INFORMATION SHOWN:
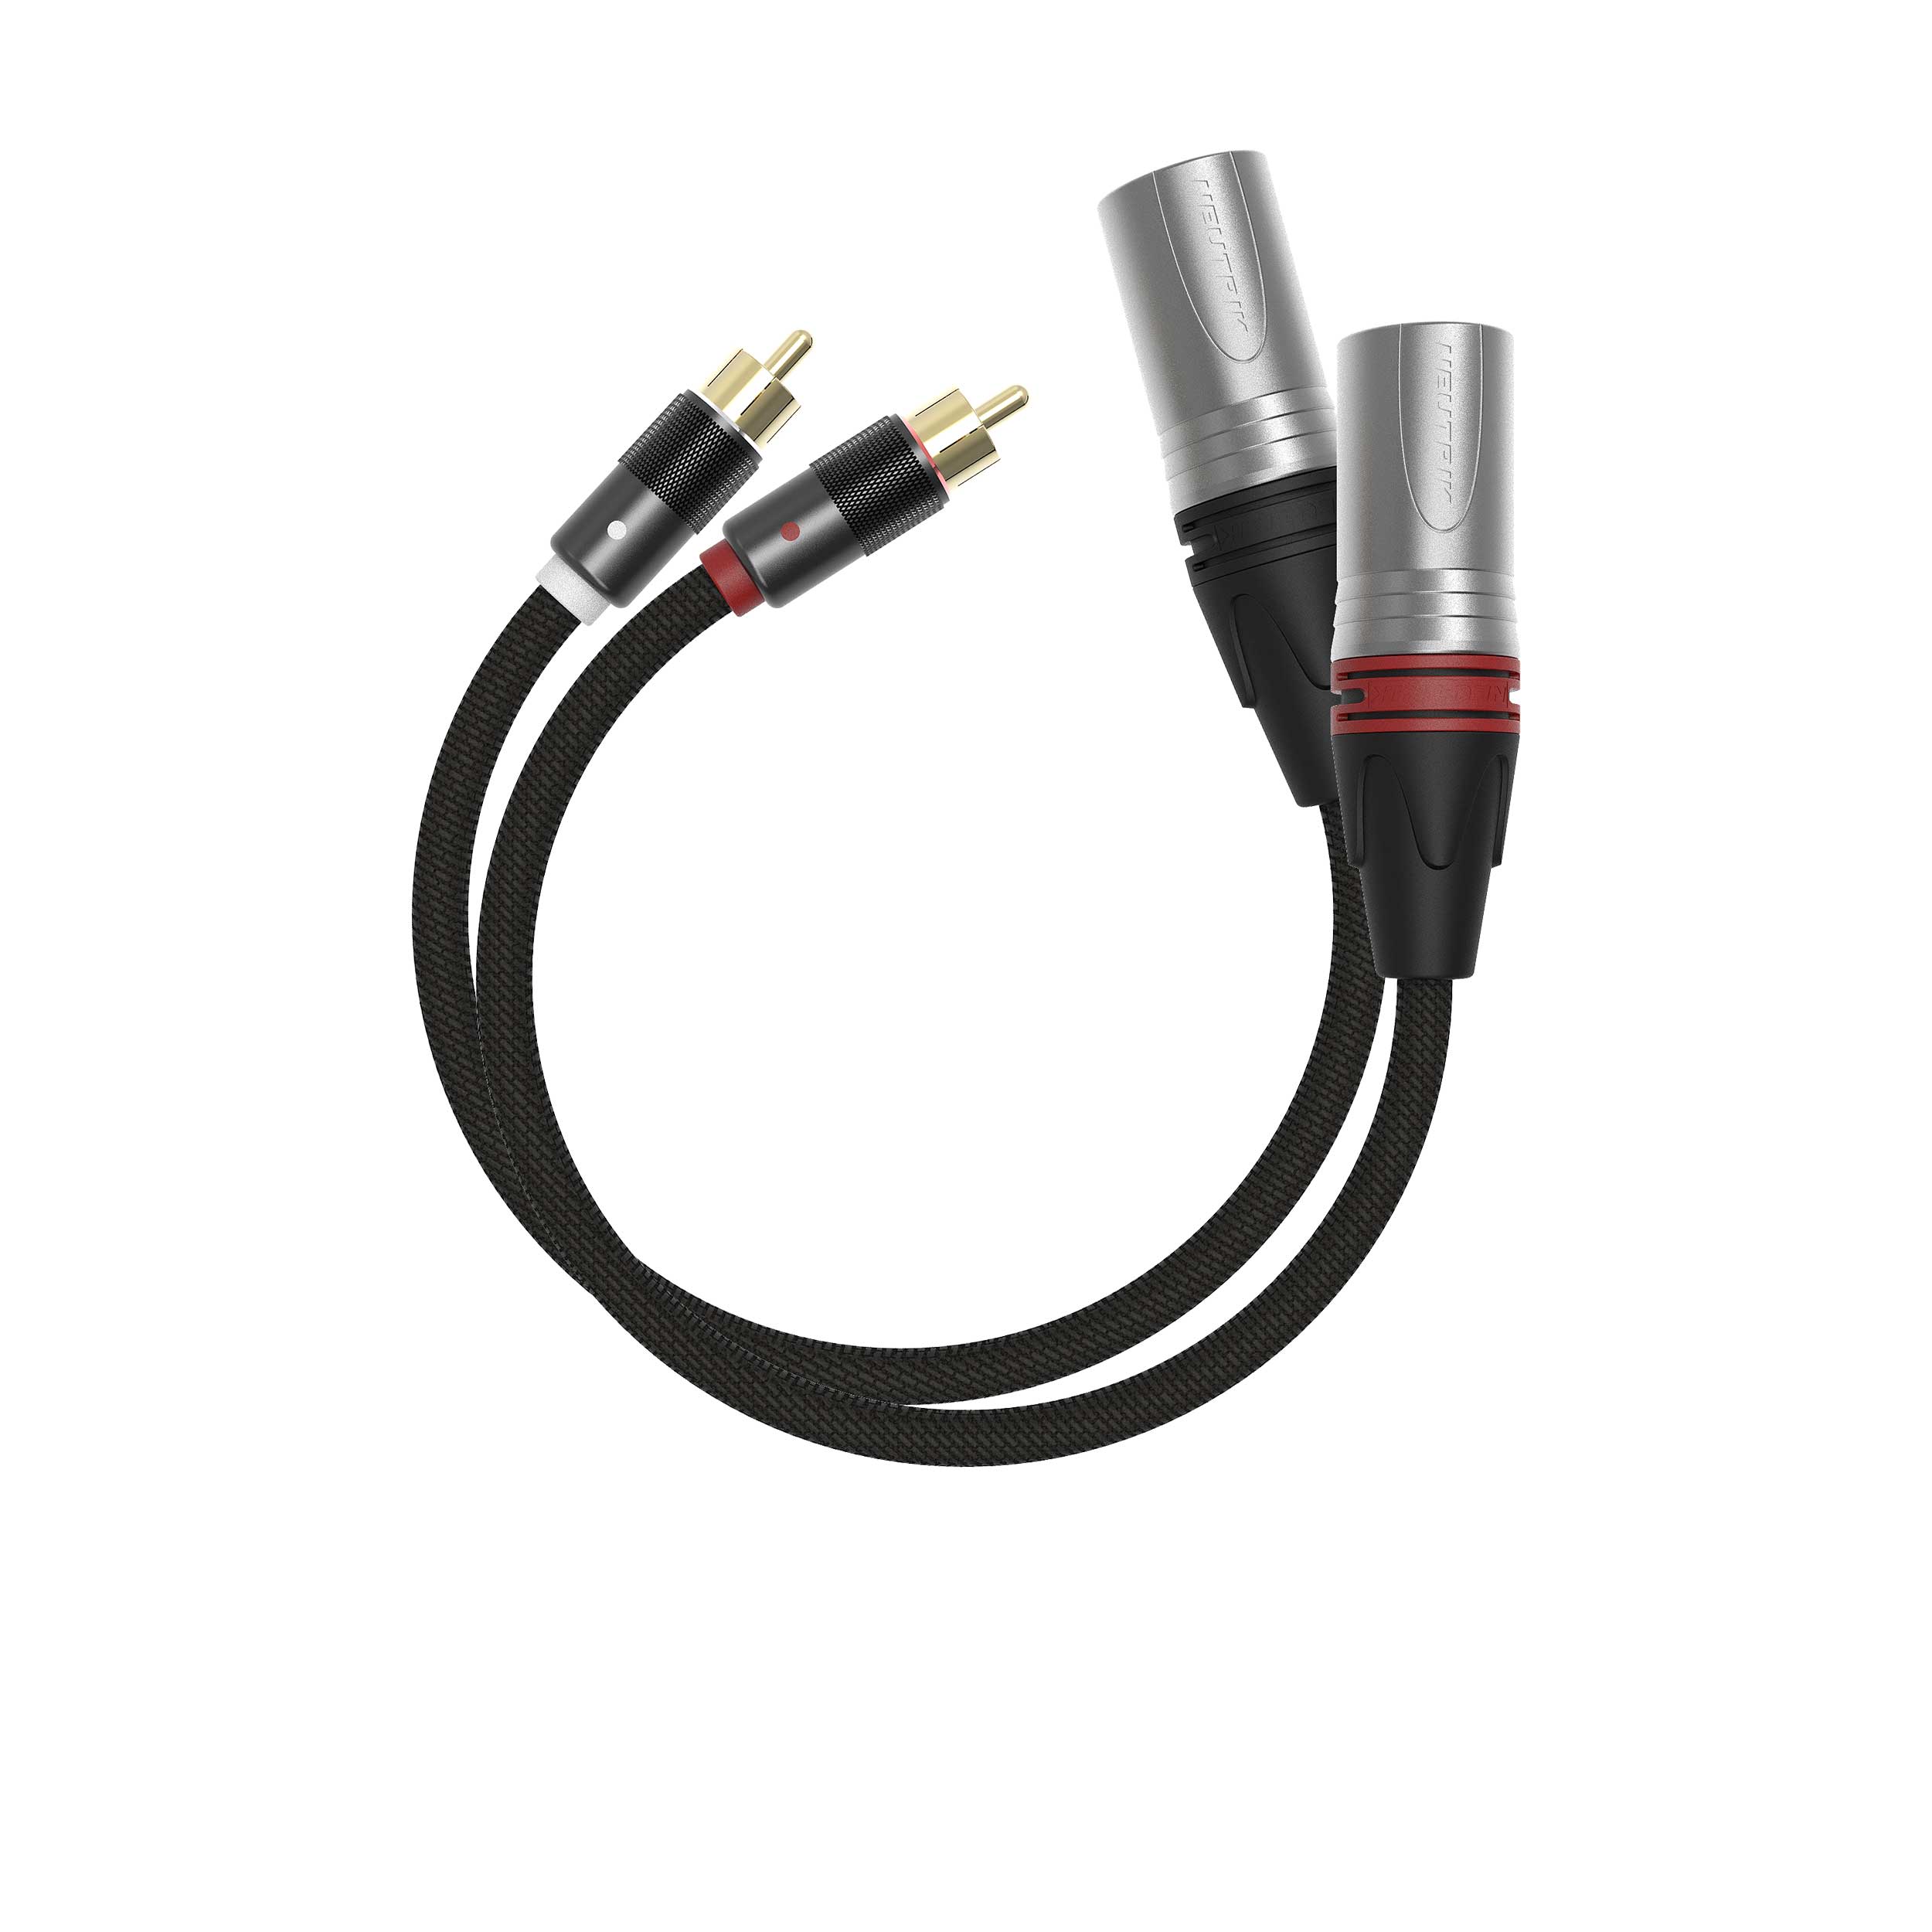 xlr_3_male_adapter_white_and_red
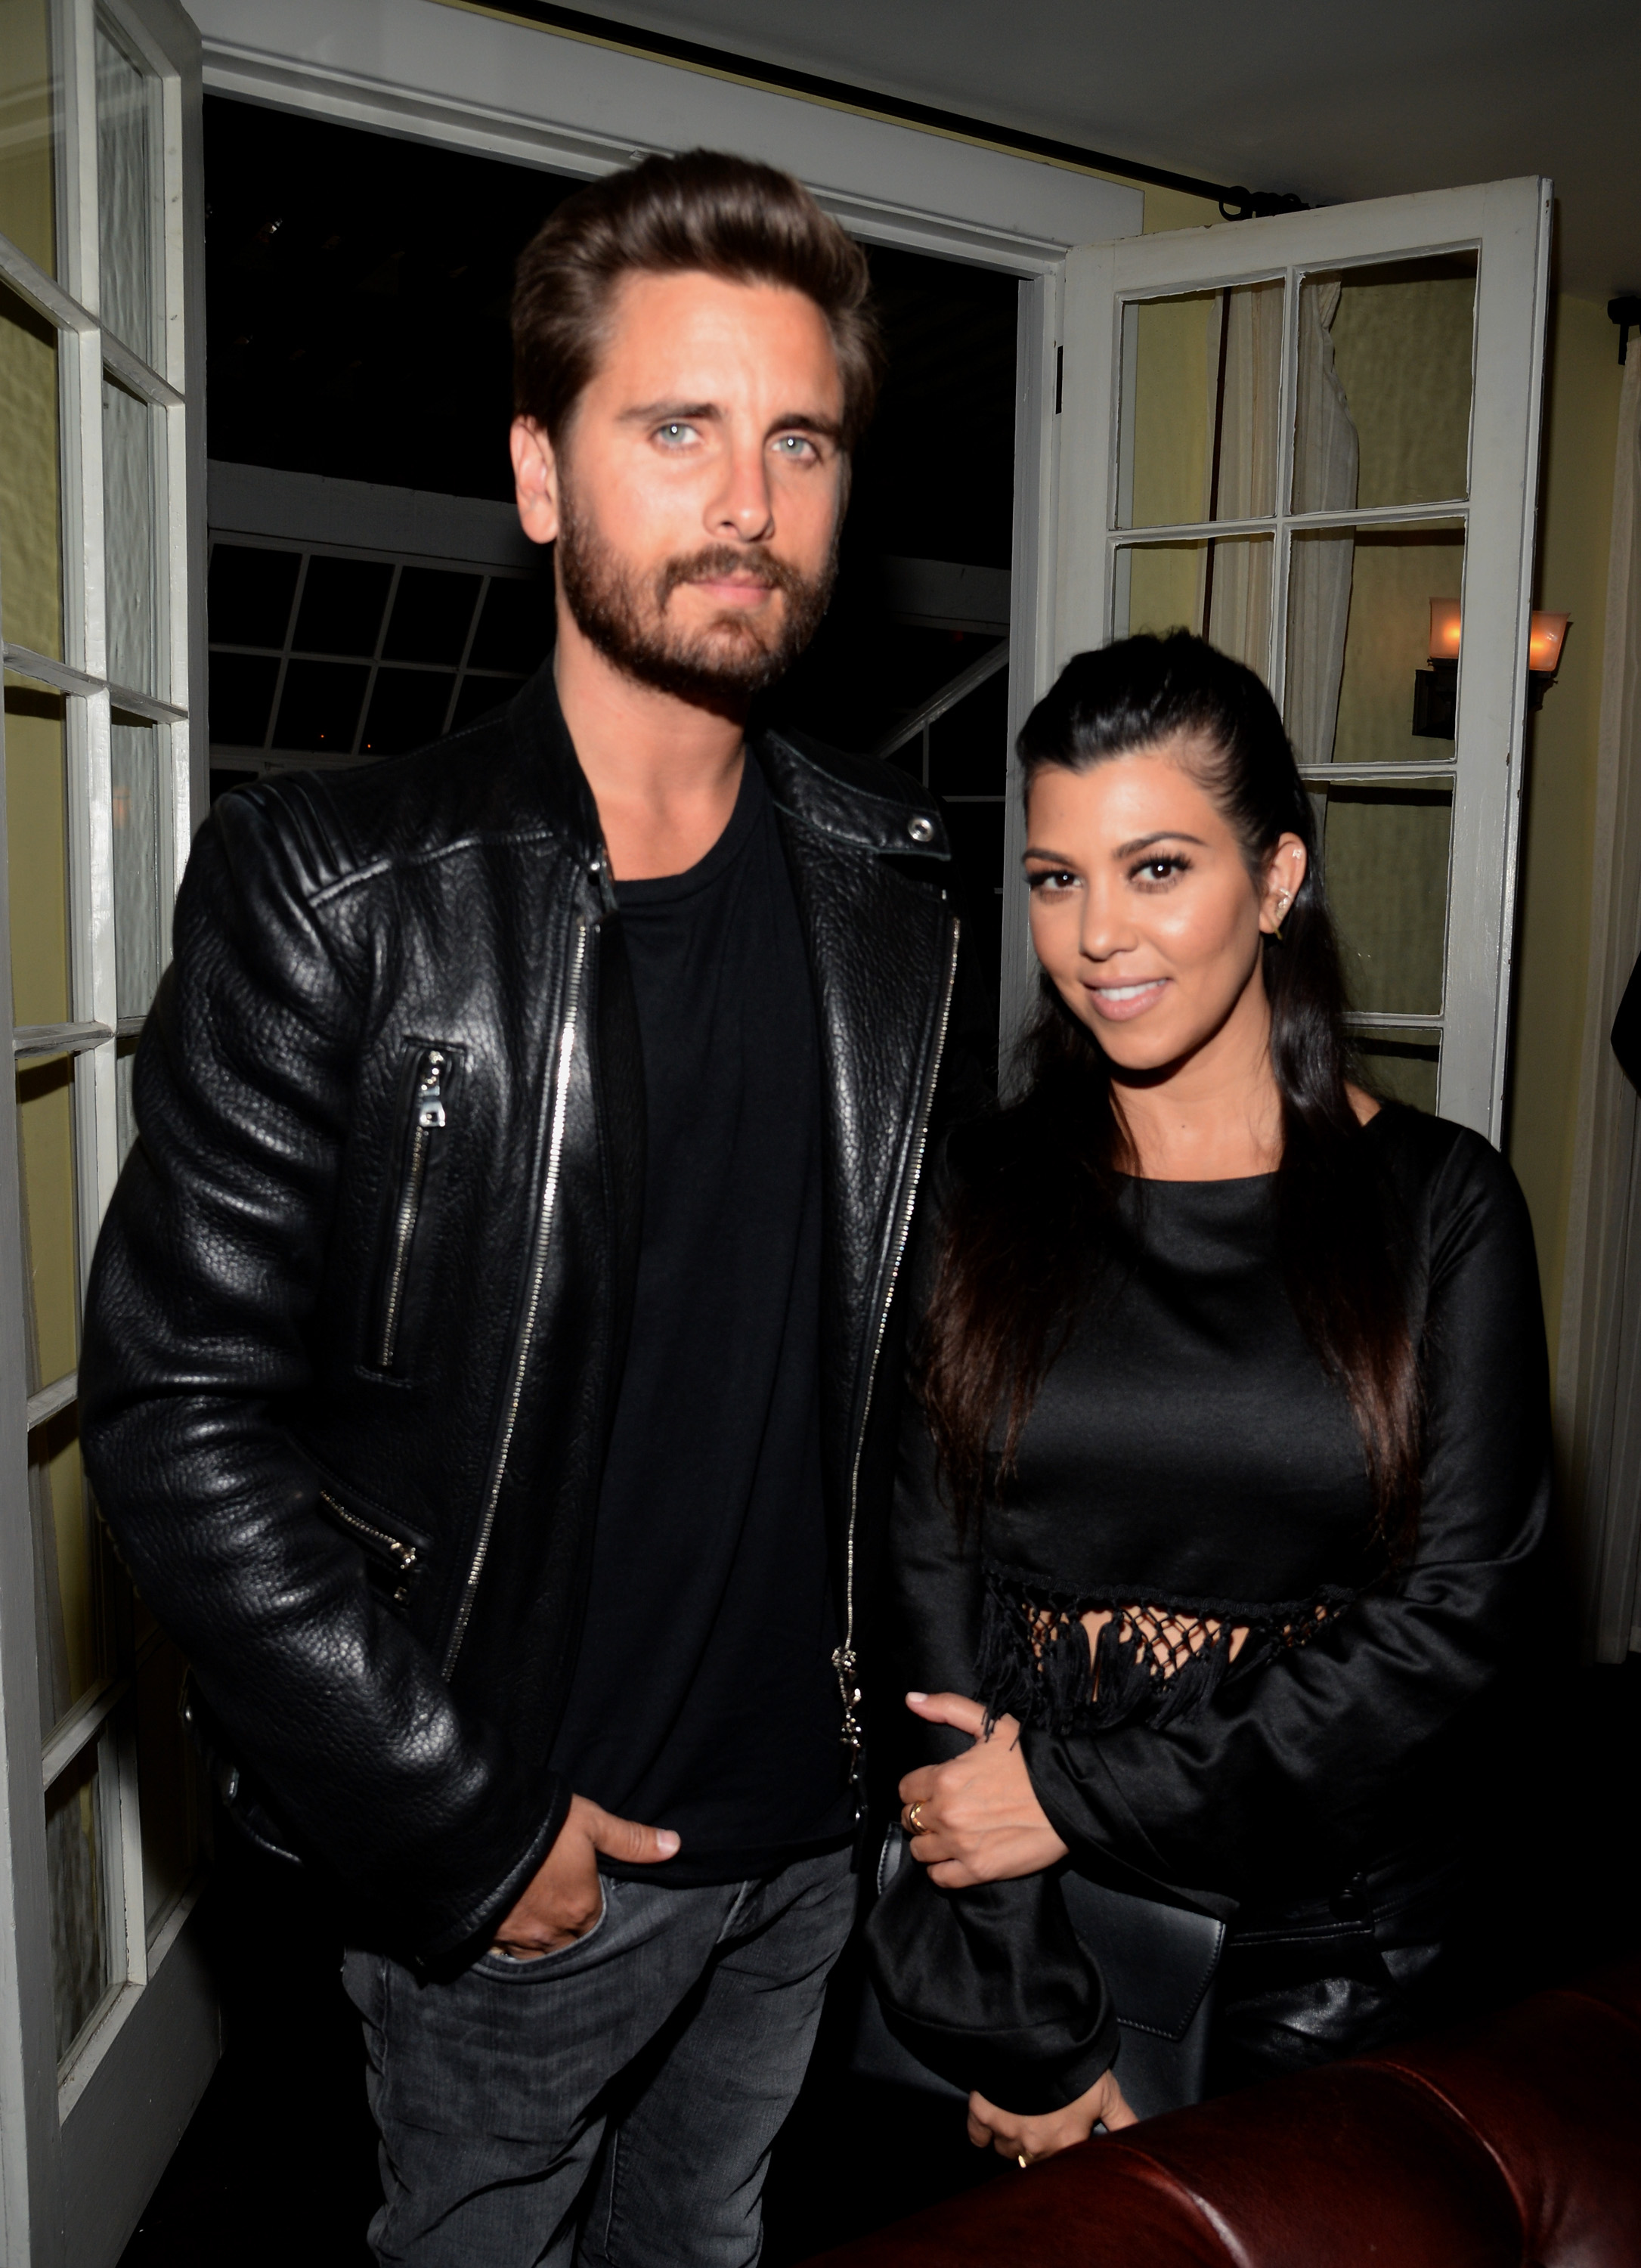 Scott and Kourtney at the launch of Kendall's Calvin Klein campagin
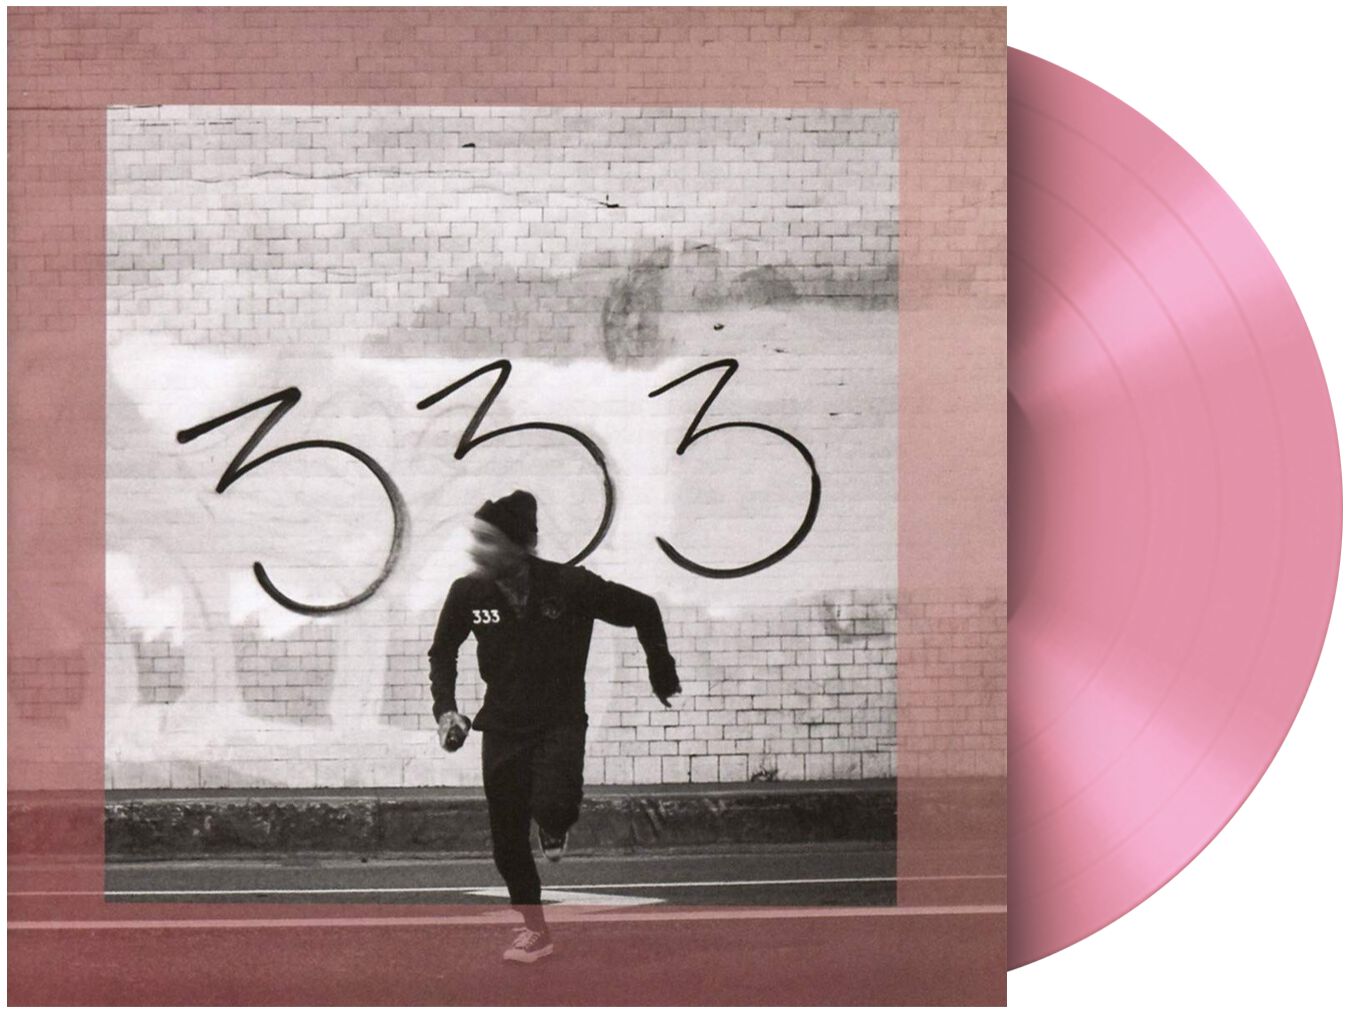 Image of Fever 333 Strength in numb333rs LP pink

WORK ORDER: With the pictures set aside, write out the whole listing exactly.

EXERCISE RESPONSE:
 xlr_3_male_adapter_white_and_red
 Scott and Kourtney at the launch of Kendall's Calvin Klein campagin
 Image of Fever 333 Strength in numb333rs LP pink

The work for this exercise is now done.